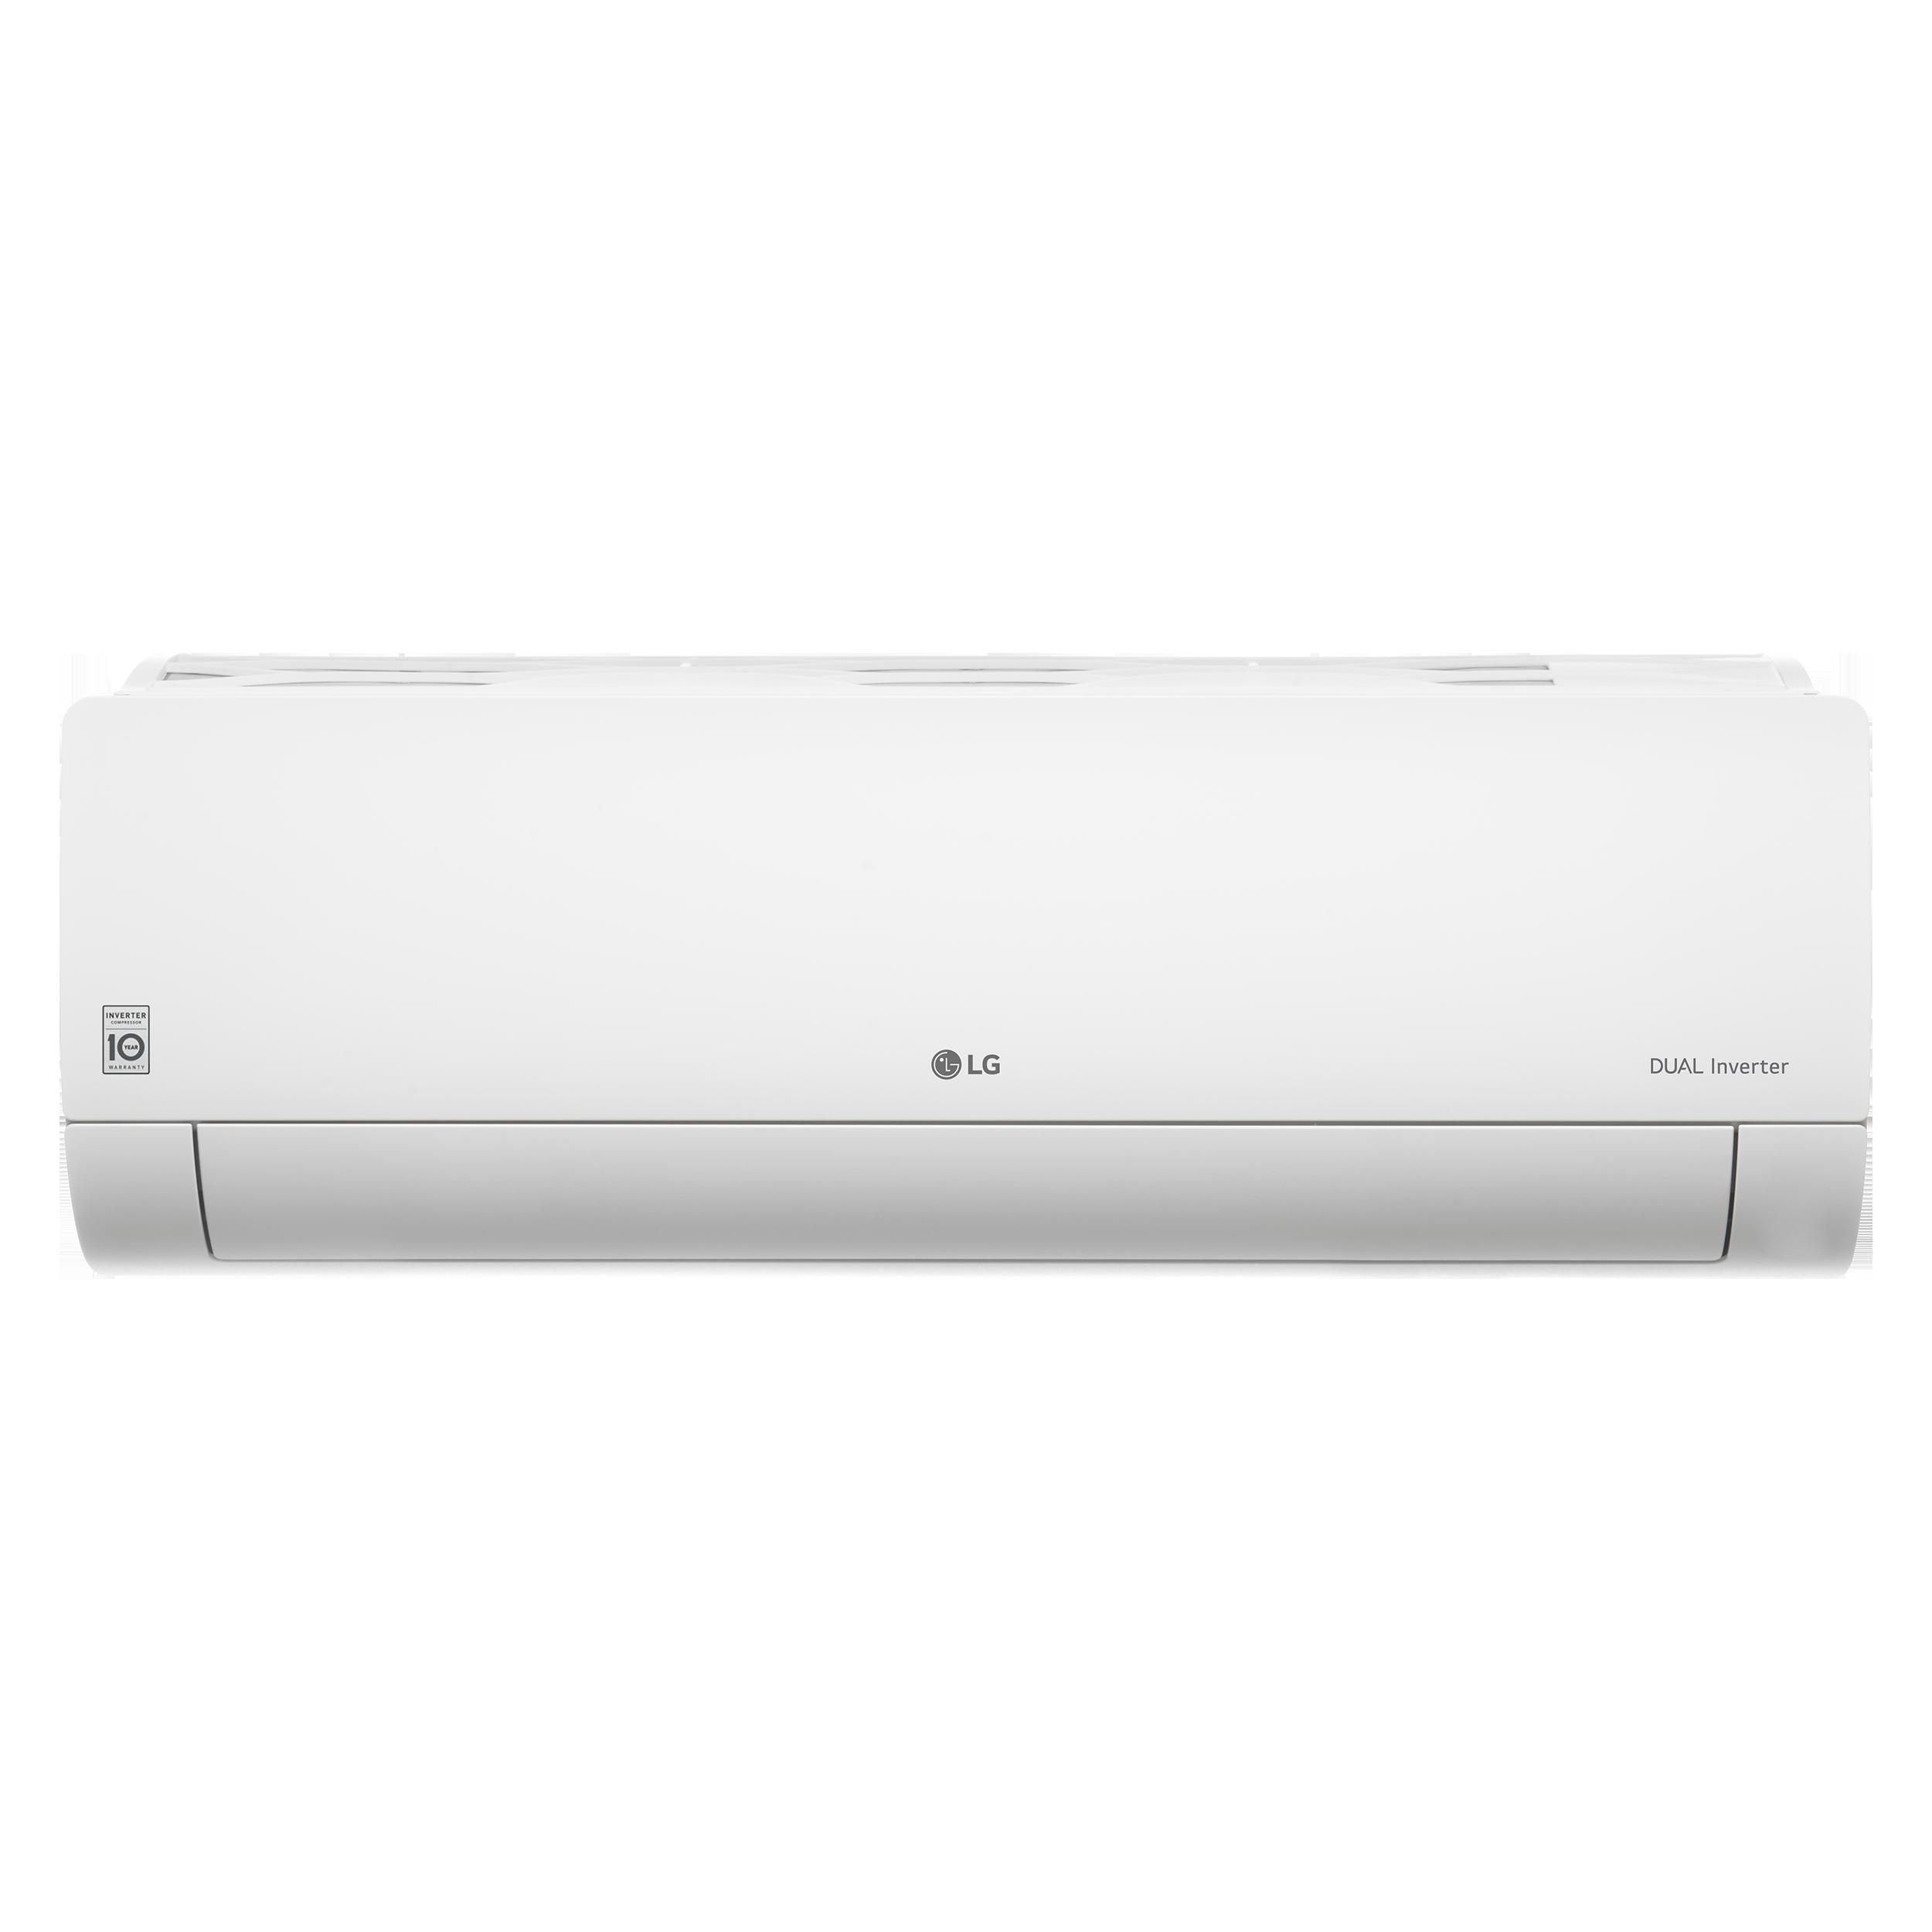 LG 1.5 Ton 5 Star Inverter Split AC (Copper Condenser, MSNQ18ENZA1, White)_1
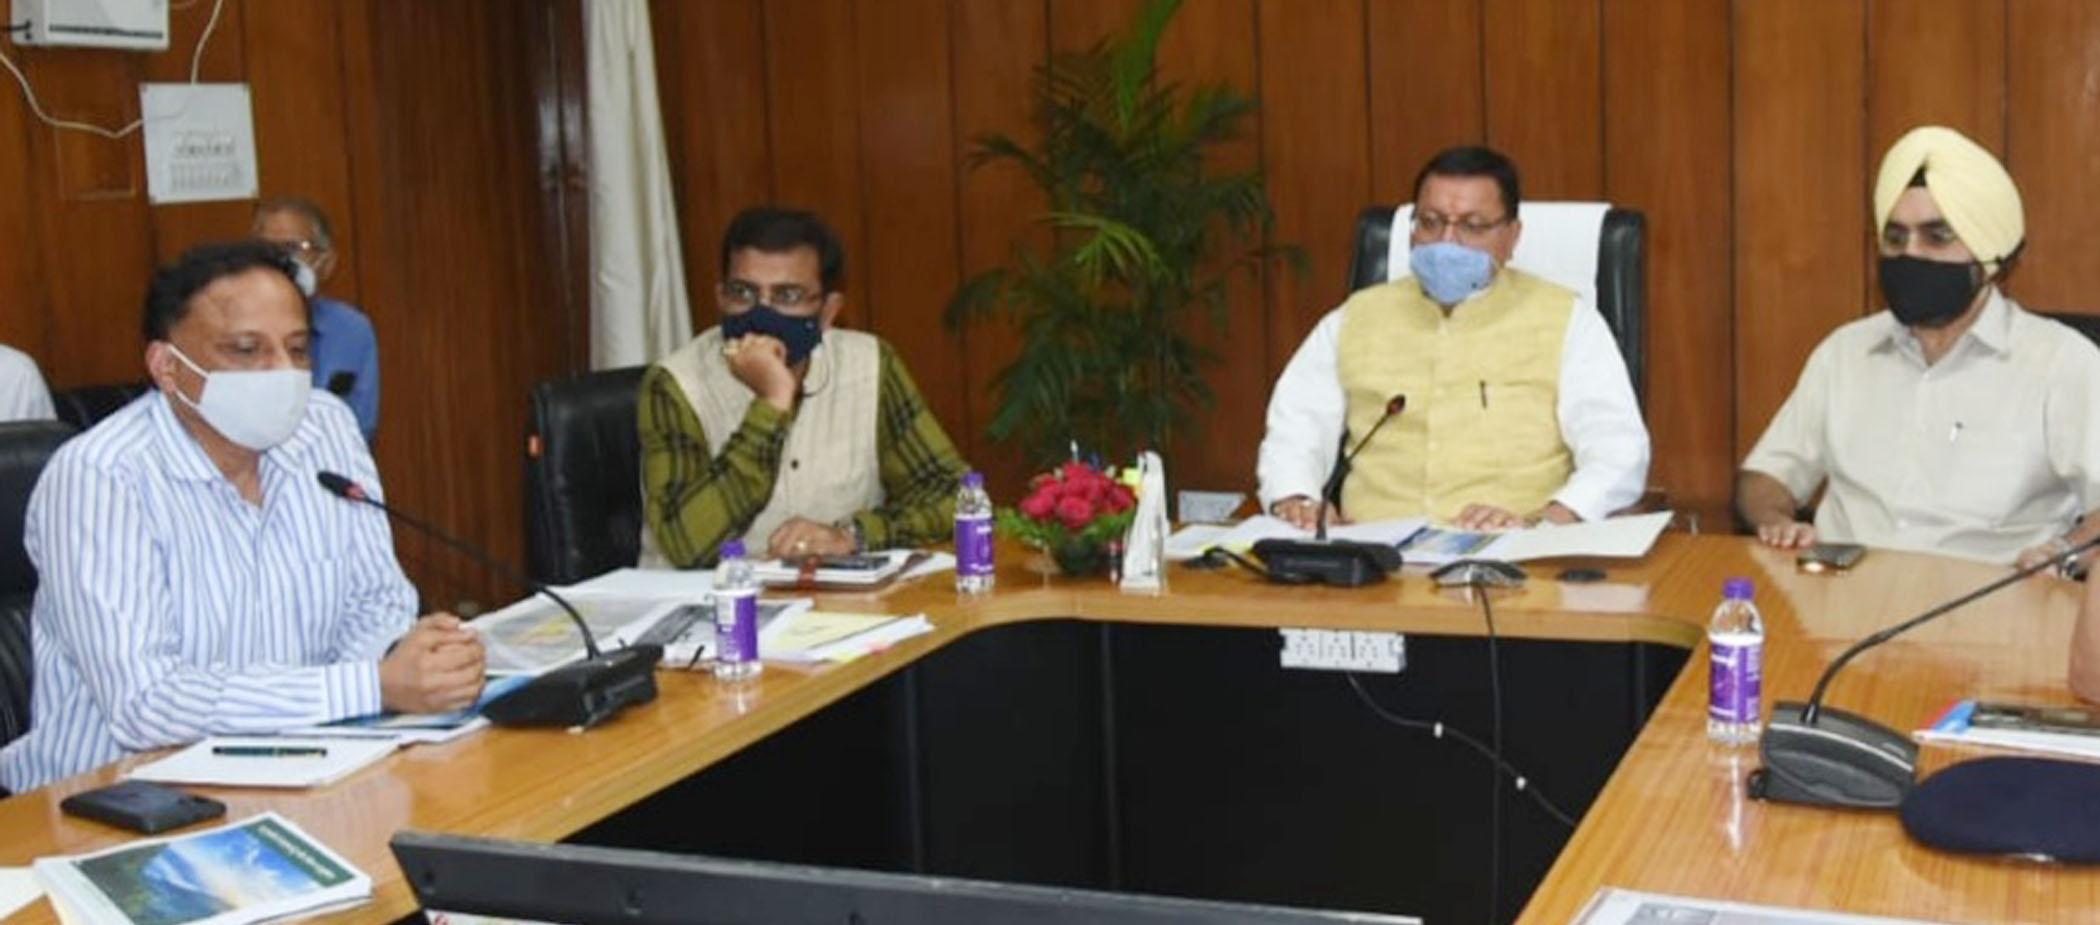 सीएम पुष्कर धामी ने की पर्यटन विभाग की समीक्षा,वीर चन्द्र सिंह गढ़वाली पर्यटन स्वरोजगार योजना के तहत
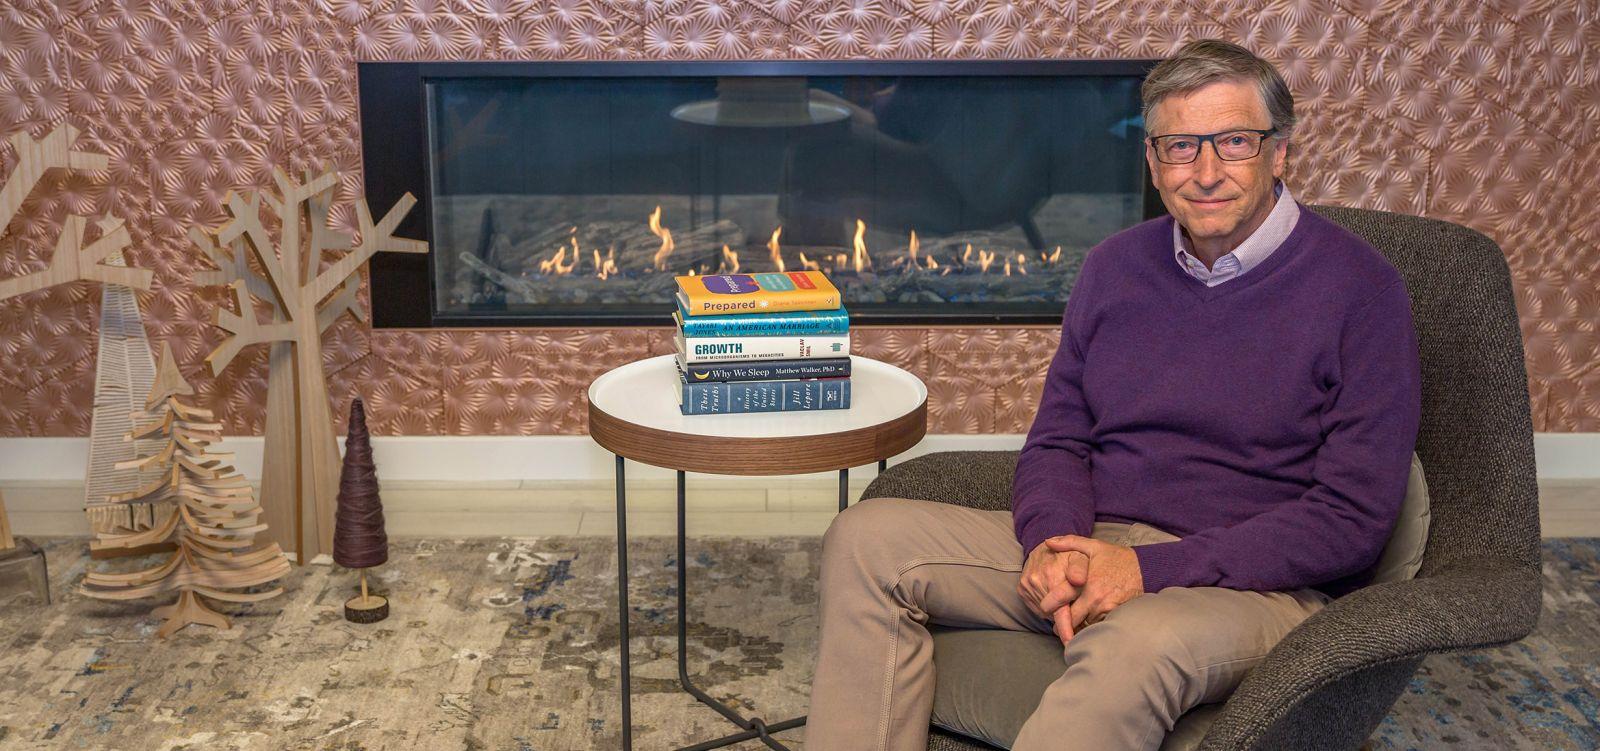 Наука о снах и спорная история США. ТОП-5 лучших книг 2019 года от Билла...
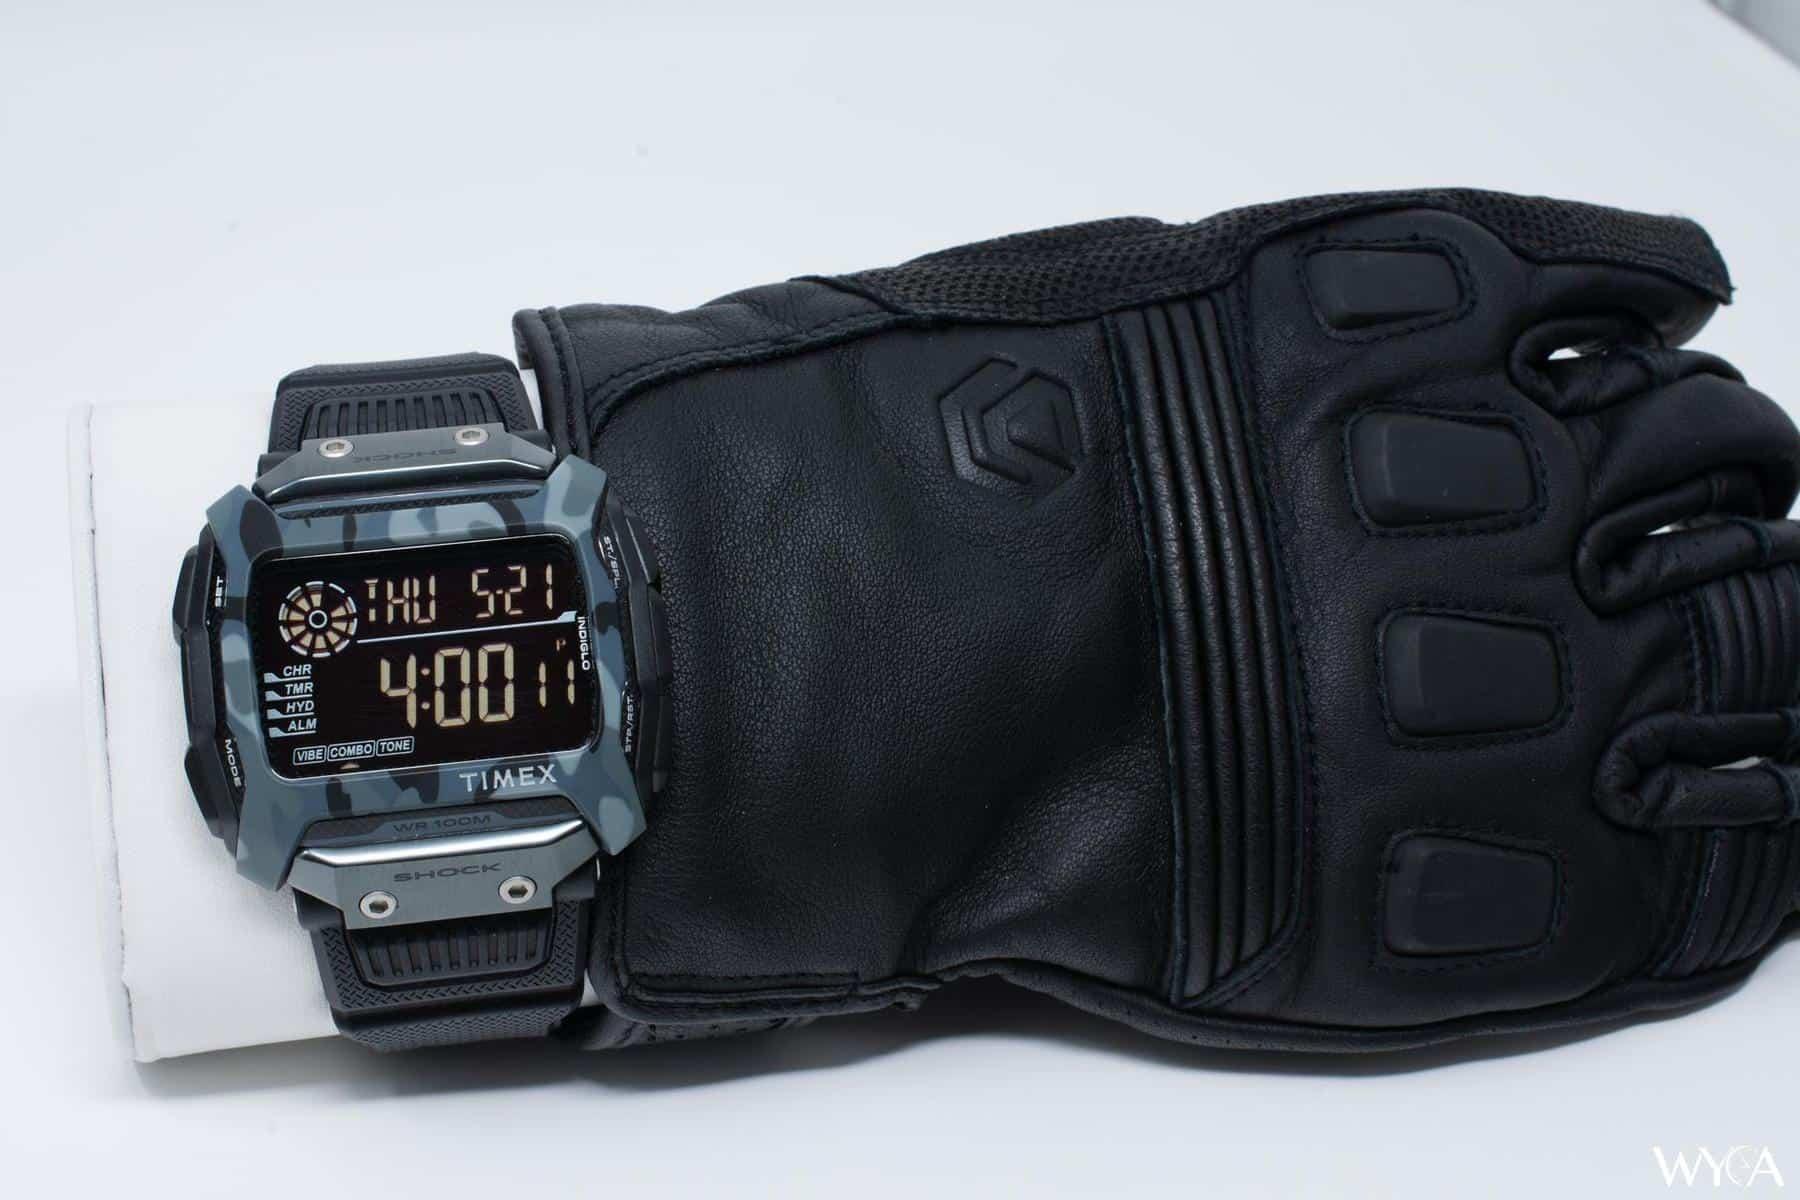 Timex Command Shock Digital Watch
··········
▸ ASSIGNED TASK
Repeat the listing above in full, exactly, and omit its pictures.

▸ EXERCISE RESPONSE
 LG 1.5 Ton 5 Star Inverter Split AC (Copper Condenser, MSNQ18ENZA1, White)_1
 सीएम पुष्कर धामी ने की पर्यटन विभाग की समीक्षा,वीर चन्द्र सिंह गढ़वाली पर्यटन स्वरोजगार योजना के तहत
 Наука о снах и спорная история США. ТОП-5 лучших книг 2019 года от Билла...
 Timex Command Shock Digital Watch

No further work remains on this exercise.